# Feral Cat Summit 2005 is Coming



## DesnBaby (Apr 18, 2004)

-----Original Message-----
From: canecanem, Date: Sun, 14 Aug 2005 22:19:57 -0000

Feral Cat Summit 2005 is Coming

IDA - in partnership with The Humane Society of the United States
(HSUS), the American Society for the Prevention of Cruelty to
Animals (ASPCA), the Alliance for Philadelphia's Animals and the
Mayor's Alliance for New York City's Animals - is proud to co-
present the 2nd Annual National Feral Cat Summit. This one-day
conference will feature presentations and workshops by feral cat
experts and Trap-Neuter-Return (TNR) leaders from around the
country, including Esther Mechler (SPAY USA), Dr. Margaret Slater
(Texas A&M University professor), Kit Jenkins (PETsMART Charities),
Anitra Frazier (author of "The New Natural Cat"), Bryan Kortis
(Neighborhood Cats) and IDA's Valerie Sicignano. Presentations will
emphasize practical information and instruction to help participants
more effectively advocate for feral cats and implement TNR programs
in their communities.

What: 2nd Annual National Feral Cat Summit 2005
When: Saturday, October 15 from 9:00 a.m. to 6:00 p.m.
Where: Wyndham Philadelphia at Franklin Plaza, 17th & Race Streets,
Philadelphia, Penn. (click here for directions)

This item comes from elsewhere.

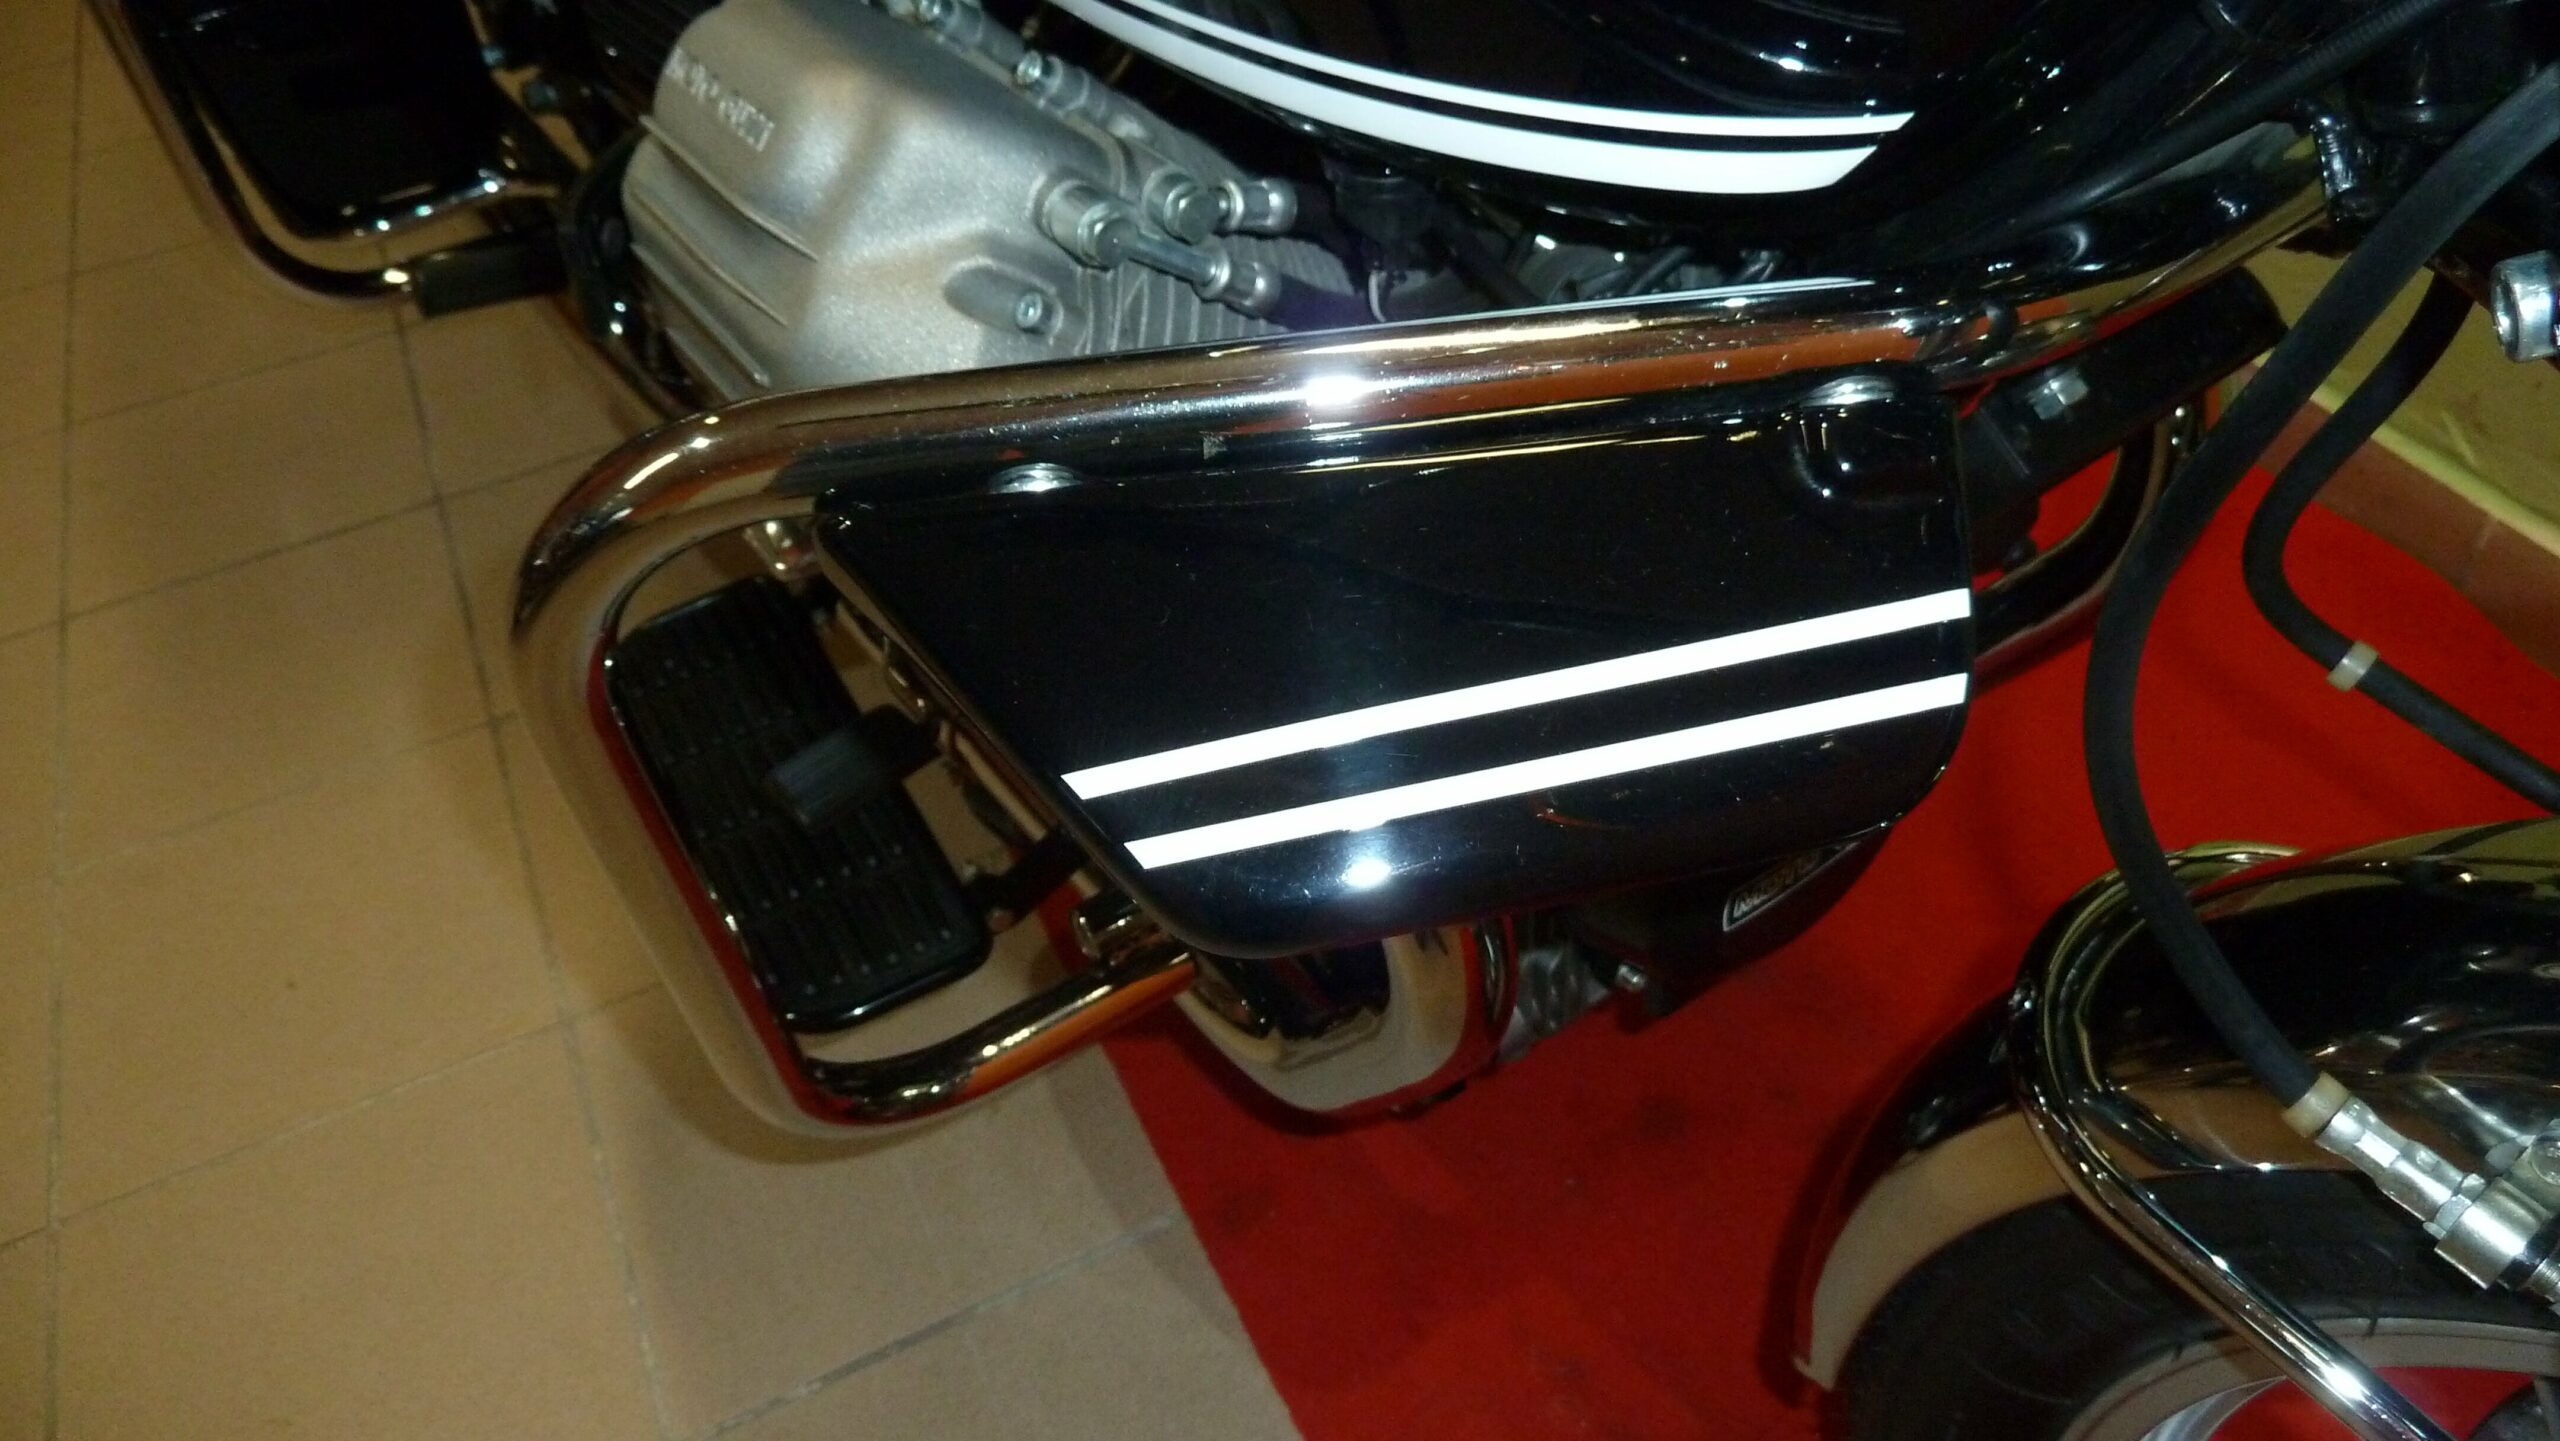 Moto Guzzi V1000 I-Convert

Registration is $40 before September 1 and $50 thereafter (the
registration fee includes a vegan lunch). For the complete program
and registration information, please visit www.neighborhoodcats.org.


----------



## Blynkk (Aug 5, 2005)

I was thinking of going, is anyone else contemplating it? Has anyone attended the previous conference? What did they think?


----------